The last resolved date is April 1, 2006. If you submit an ALTER TABLE TO CURRENT statement on June 1, 2006, the start_expression, newly resolved to CURRENT_DATE ('2006-06-01'), falls on a partition boundary of the third partition. Therefore, partitions 1 and 2 are dropped, and the last reconciled date is set to the newly resolved CURRENT_DATE.
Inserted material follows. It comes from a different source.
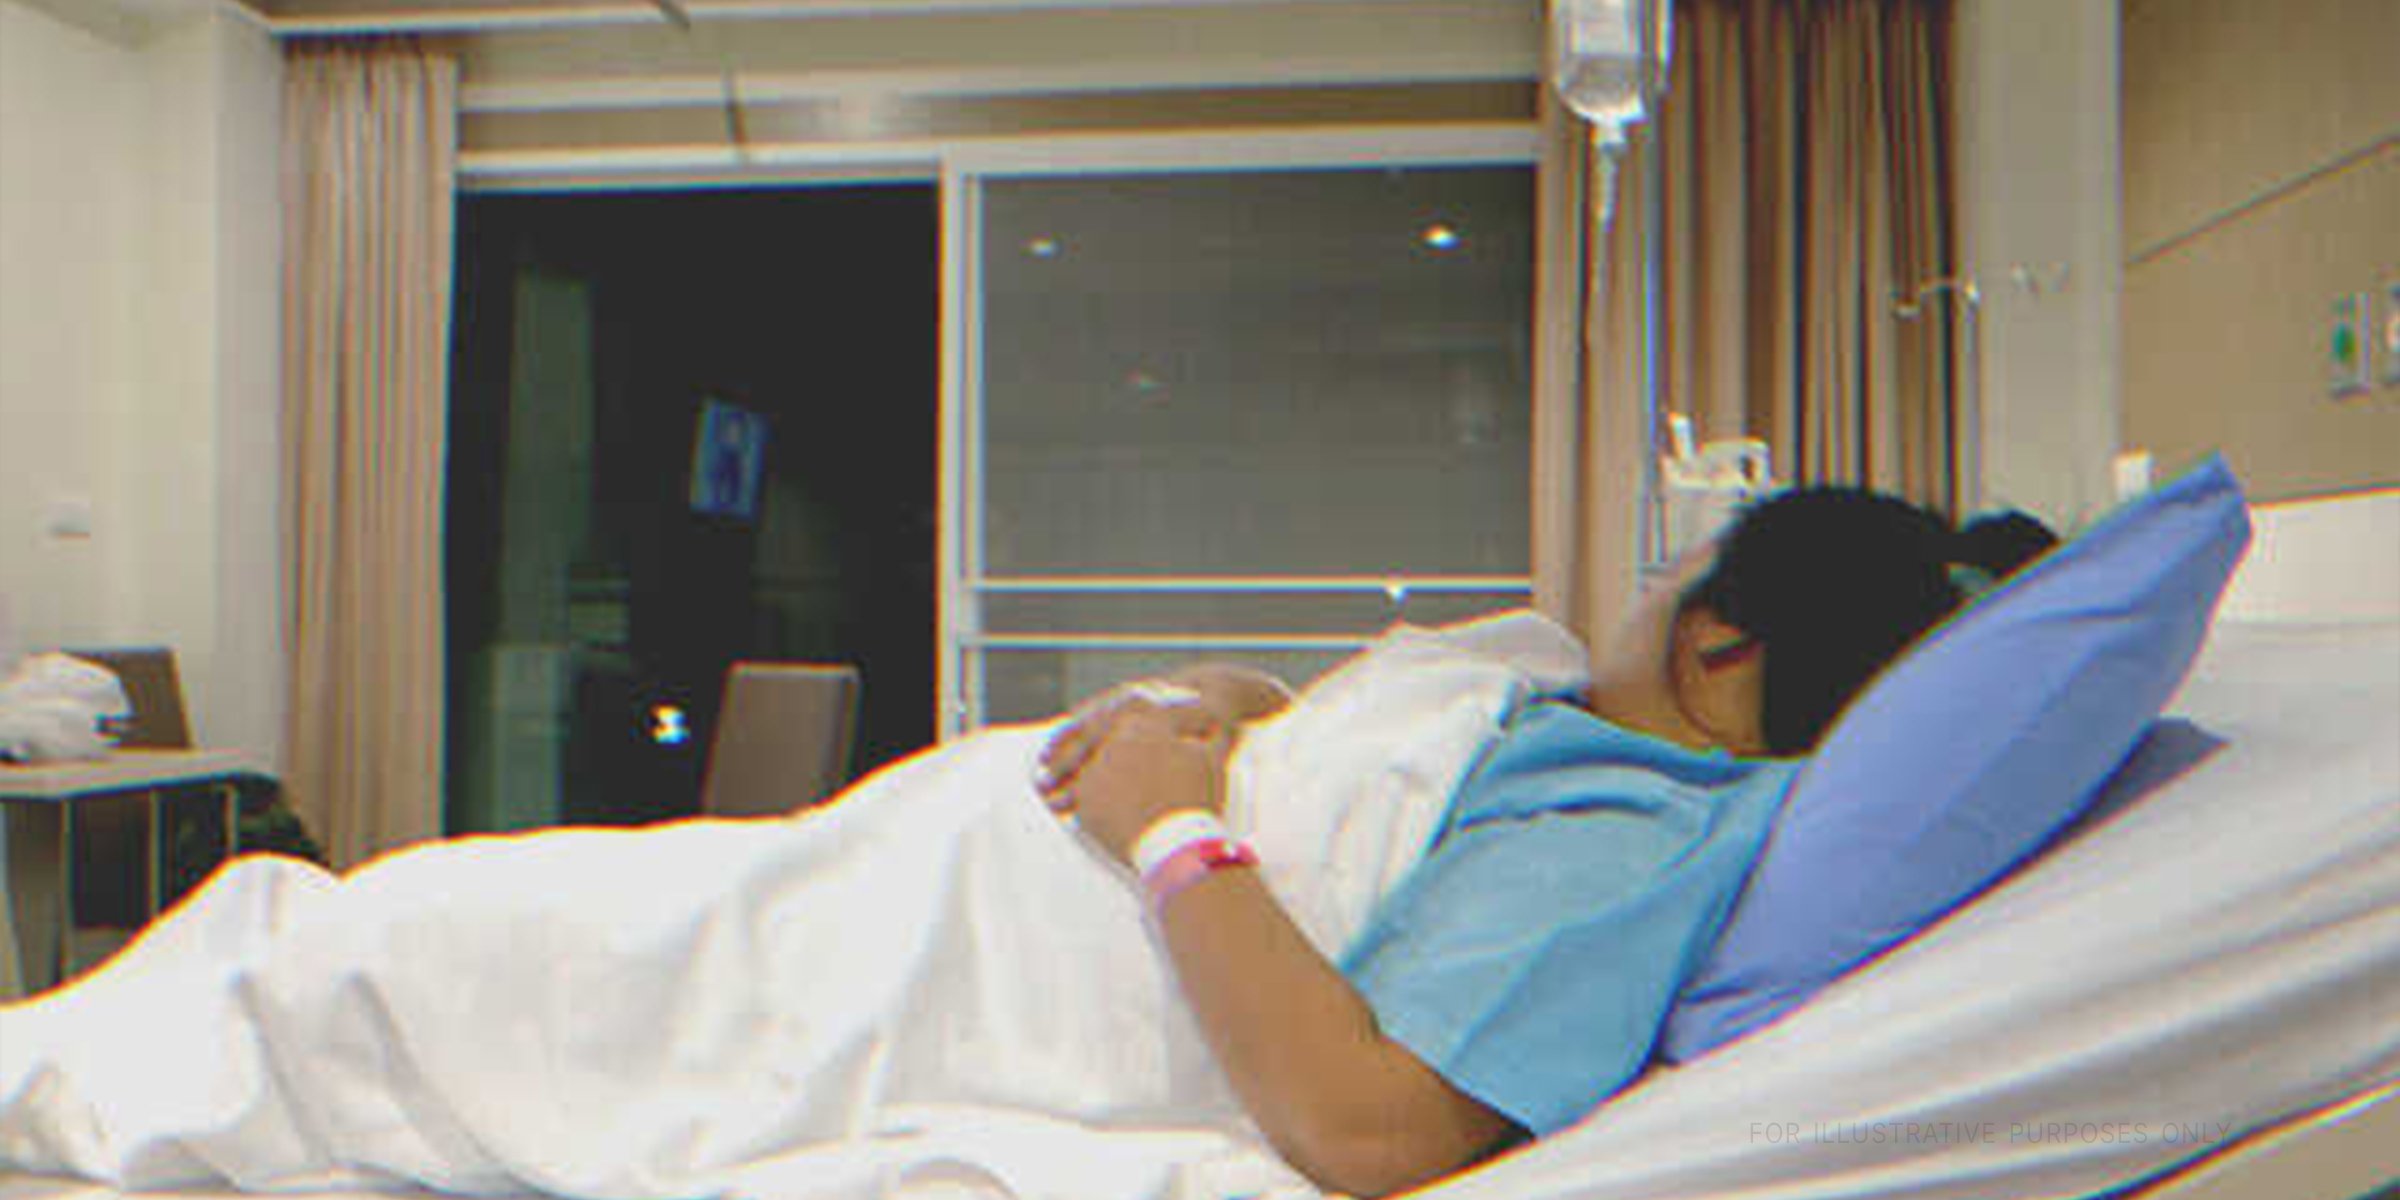 Woman in hospital bed | Source: Shutterstock

However, if you submitted the ALTER TABLE TO CURRENT statement on June 10, 2006 instead of June 1, 2006, the start_expression, newly resolved to CURRENT_DATE ('2006-06-10'), does not fall on a partition boundary. Therefore, all rows are scanned and the rows are repartitioned based on the new partitioning expression. The partition boundary after this statement aligns with the 10th day of the month instead of the earlier 1st day of the month.

Example 7: Table Partitioning to Record History

The following table definition is created in the year 2007 (the current year at the time). The table is partitioned to record 5 years of order history plus orders for the current year and one future year.

   CREATE TABLE Orders
     (o_orderkey INTEGER NOT NULL,
      o_custkey INTEGER,
      o_orderstatus CHAR(1) CASESPECIFIC,
      o_totalprice DECIMAL(13,2) NOT NULL,
      o_orderdate DATE FORMAT 'yyyy-mm-dd' NOT NULL,
      o_orderpriority CHAR(21),
      o_comment VARCHAR(79))
   PRIMARY INDEX (o_orderkey)
   PARTITION BY RANGE_N(
      o_orderdate BETWEEN DATE '2002-01-01' AND DATE '2008-12-31' 
      EACH INTERVAL '1' MONTH)
   UNIQUE INDEX (o_orderkey);

If, in 2008, you want to alter the table such that it continues to maintain 5 years of history plus the current year and one future year, you can submit the following statement in 2008:

   ALTER TABLE Orders MODIFY PRIMARY INDEX (o_orderkey)
      DROP RANGE WHERE PARTITION BETWEEN 1 AND 12
      ADD RANGE BETWEEN DATE '2009-01-01' AND DATE '2009-12-31' 
         EACH INTERVAL '1' MONTH
   WITH DELETE;

In this case, you must compute the new dates and specify them explicitly in the ADD RANGE clause. This requires manual intervention every year the statement is submitted.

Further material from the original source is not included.